I would also add that when I want to use the drippings I catch them in a foil pan as it is hard to keep the drip tray in my smoker clean.


----------



## carz (May 6, 2015)

Wade said:


> Yes it is fine to use the chicken juice from the drip tray providing that the tray is hot in the smoker (which it usually is) and the juice has been taken above 165 F. If you are using it to make a sauce or gravy that has been brought to the boil then that is fine.
> 
> I would not use them though if your smoker has a system where the juices drain into an external tray or bucket whist the bird is cooking as it will have been left sitting at room temperature for the duration of the cook. Boiling it whilst preparing the sauce/gravy will technically make it safe however I would not want to eat it and therefore I would not feed it to others - personal preference.


This is perfect! thanks for your response.


----------



## themule69 (May 6, 2015)

I use them all the time. I put in fridge for a few and remove the grease from the top. If I have more than I am using at the time I put it in ice cube trays and freeze. I then put them in a bag for later use. You can pull out as much as you want.

Happy smoken.

David


----------



## sparkee (May 6, 2015)

No Boundaries- wow that looks good! Great idea


----------



## wade (May 6, 2015)

themule69 said:


> I use them all the time. I put in fridge for a few and remove the grease from the top. If I have more than I am using at the time I put it in ice cube trays and freeze. I then put them in a bag for later use. You can pull out as much as you want.

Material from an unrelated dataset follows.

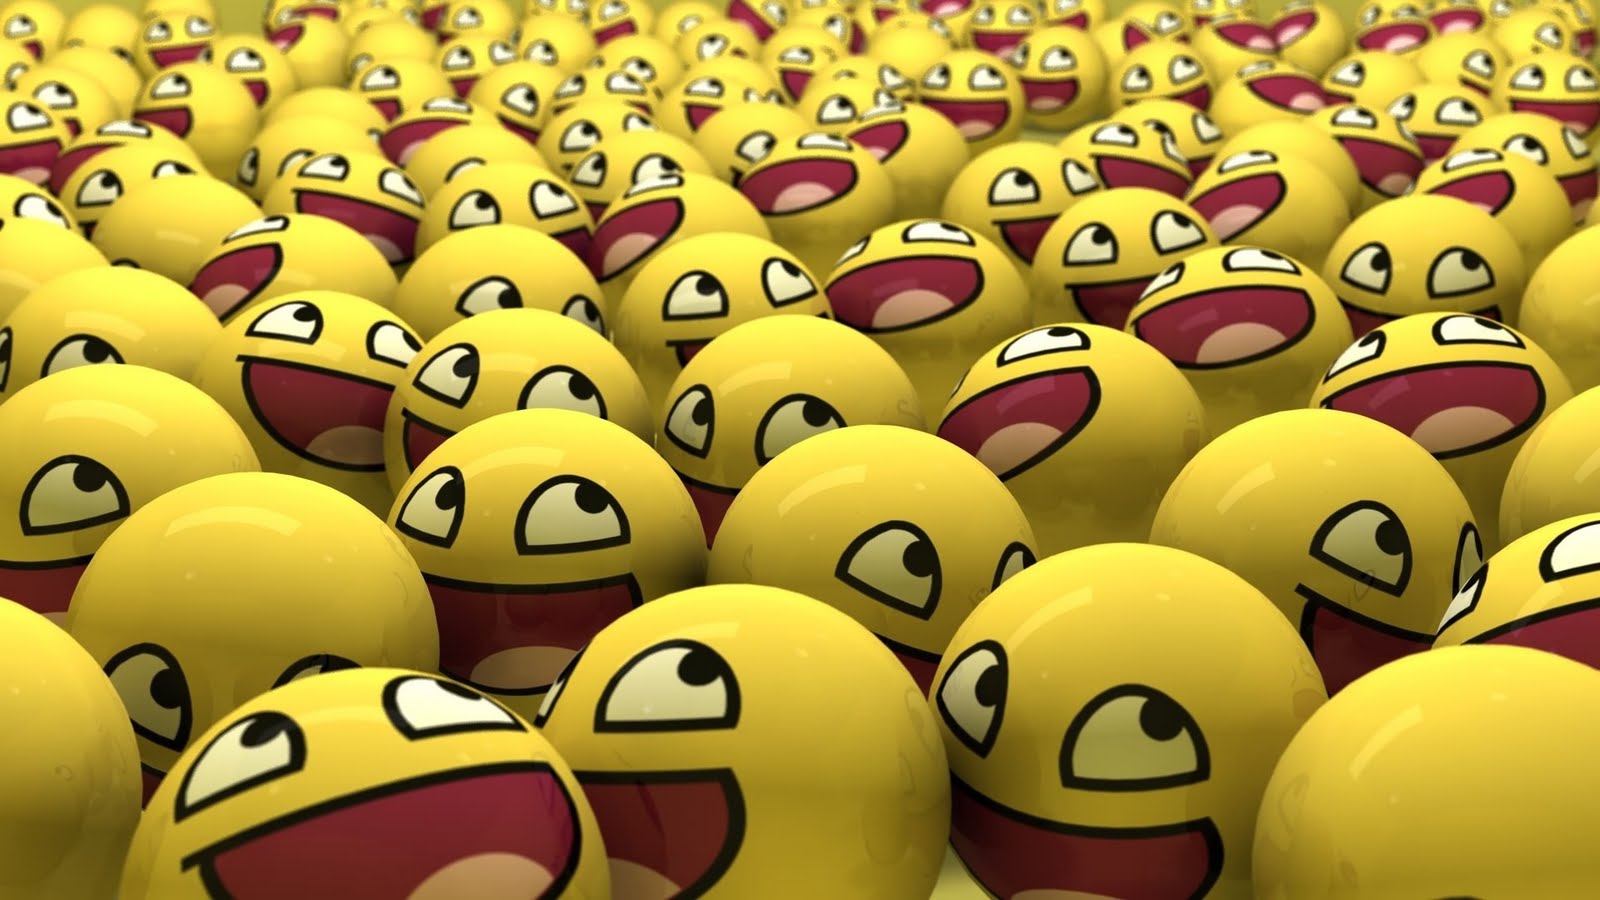 Wallpapers Smiley Face HD Wallpaper 1600x900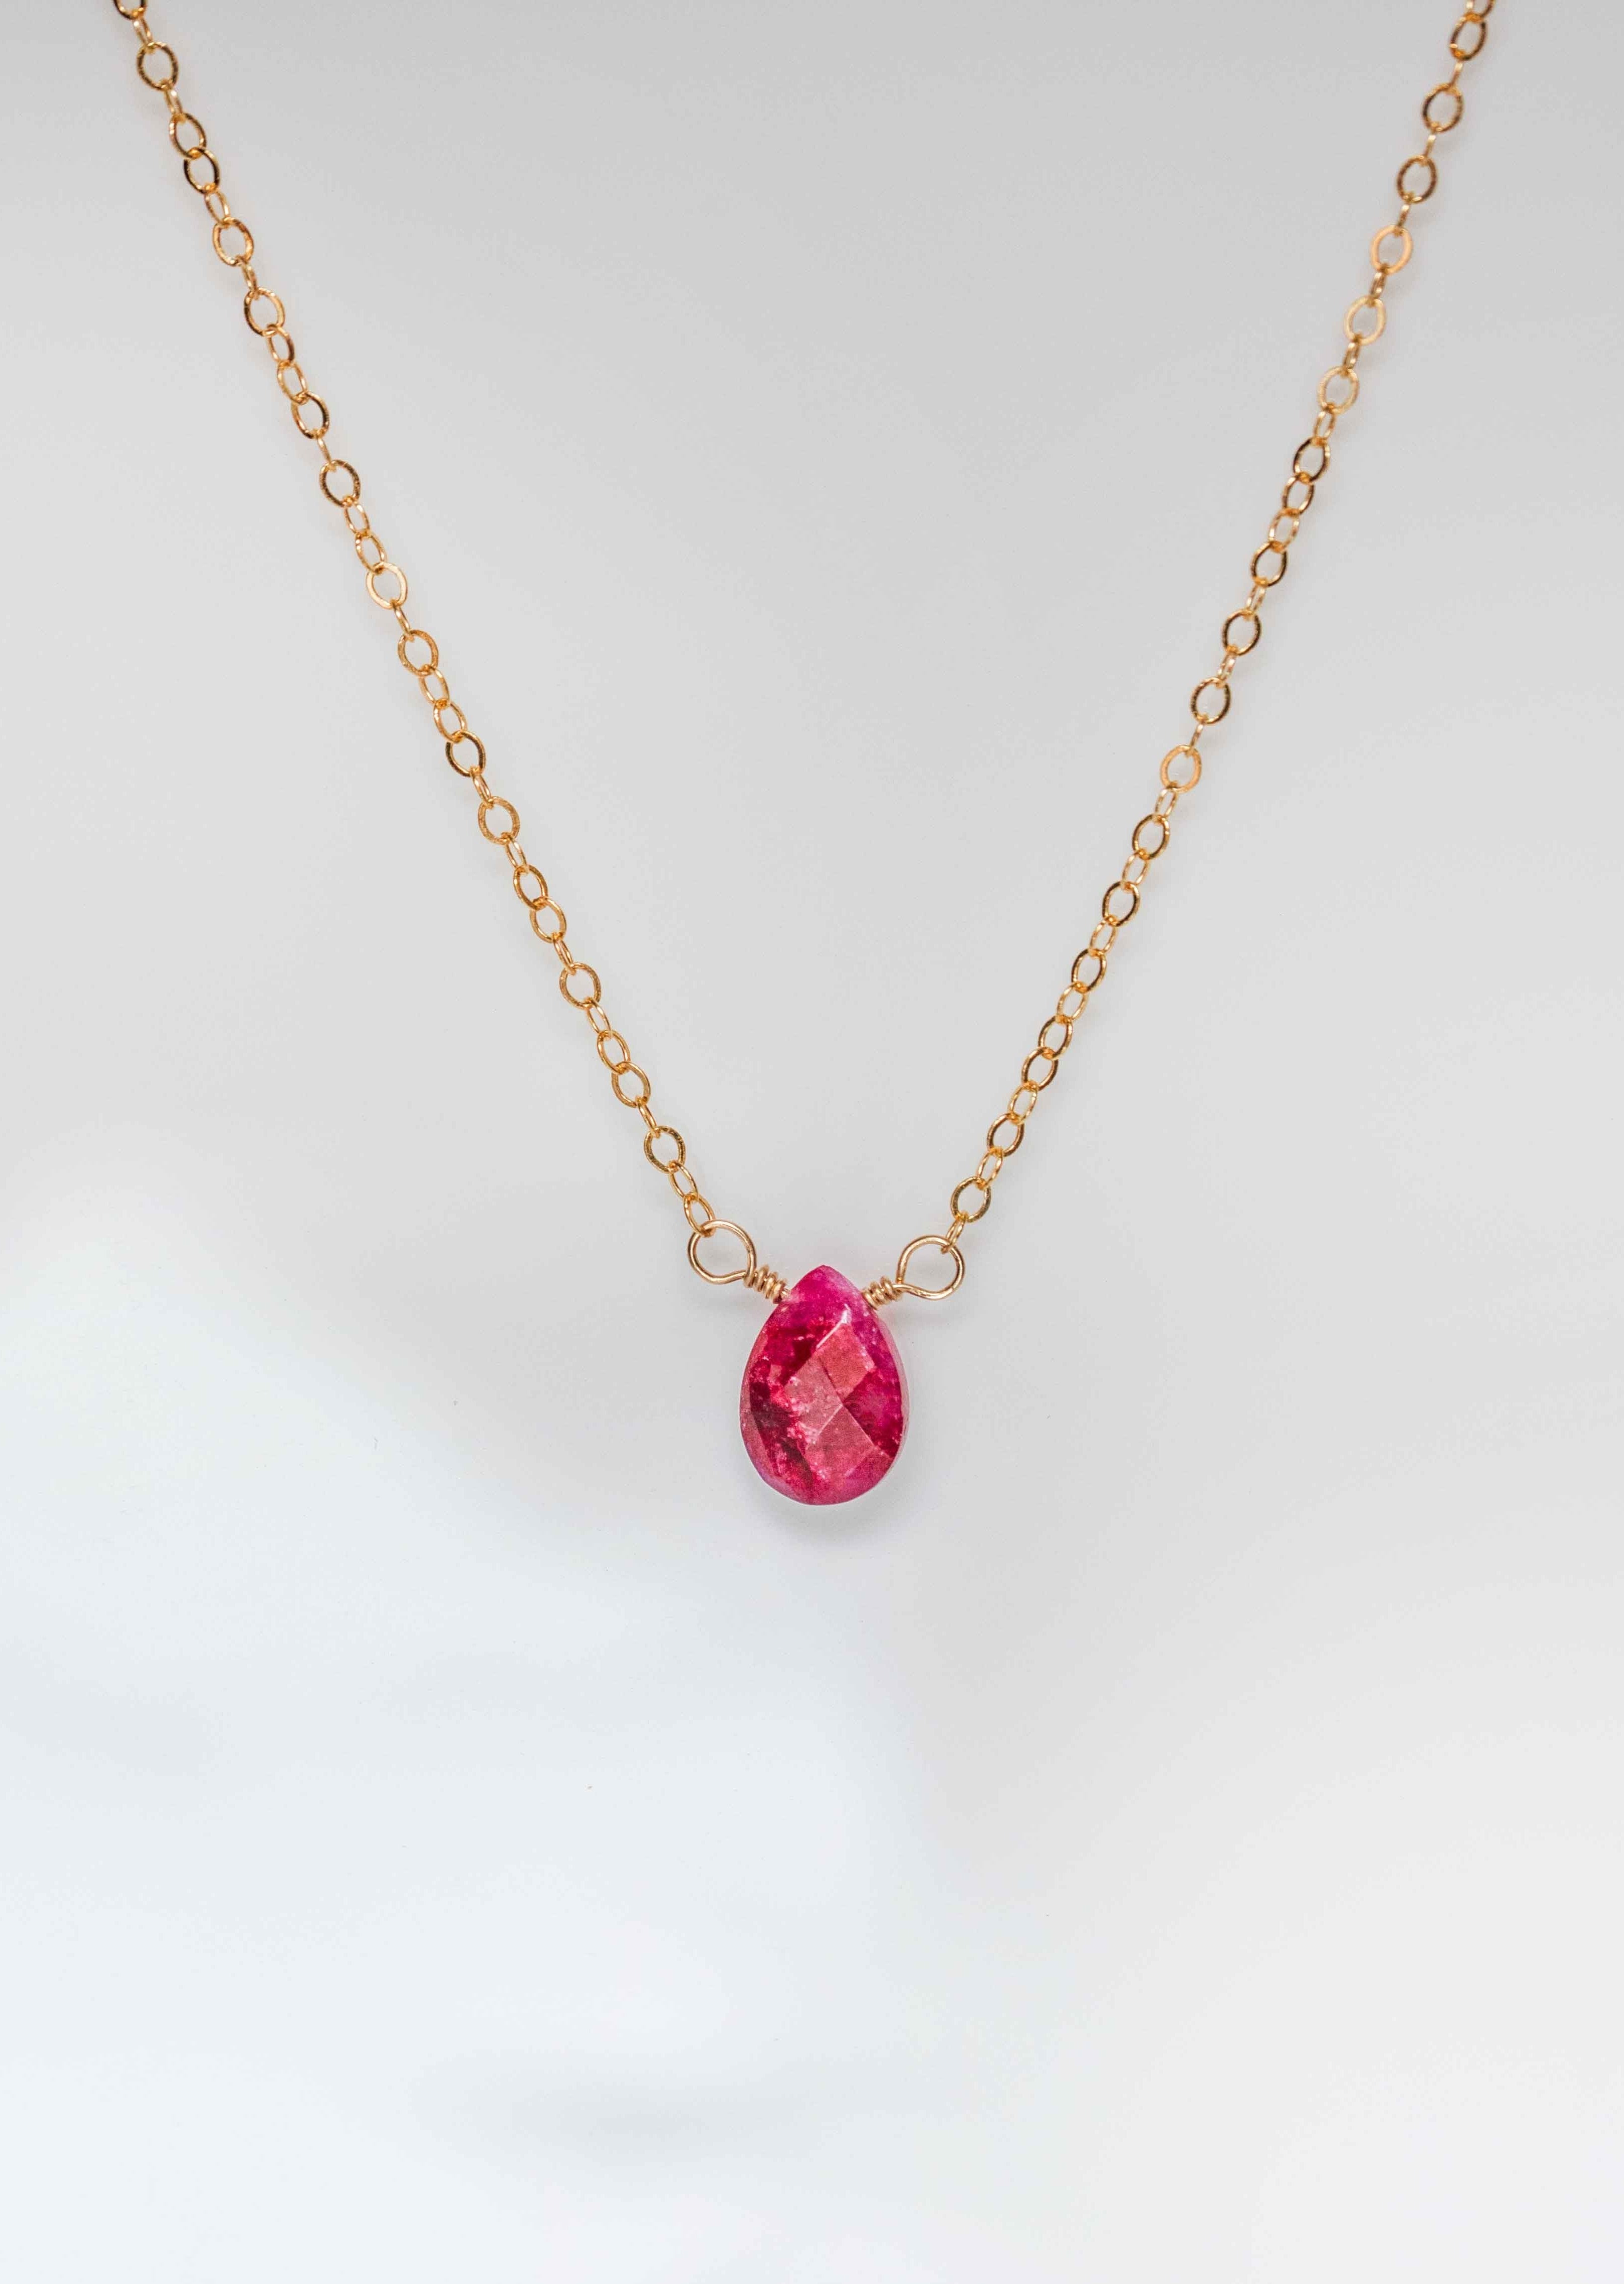 Tiny Ruby@Heart Slider Necklace Love and passion

I do something similar to David - If you get a lot of juices from your ribs, pork shoulder, brisket etc. then after you have scraped the fat off the top you can add some of your favourite beer and bring to a simmer. Throw in a couple of leaves of gelatin, pour into a flat baking tray and allow to set in the fridge. Once set, cut into inch cubes and then freeze separated on a tray. They are great to add to things like beans to give a greater depth of flavour. With small amounts then the ice cube trays are great.

With pork juices there is often so much gelatin anyway that you don't need to add more to get it to set.


----------



## foamheart (May 6, 2015)

dirtsailor2003 said:


> Honestly chicken drippings are fine too, as long as the temps are okay. I use poultry drippings for making gravy, and super stock.


Says the man that makes shmutz, el pollo lardo.

<Chuckles>


----------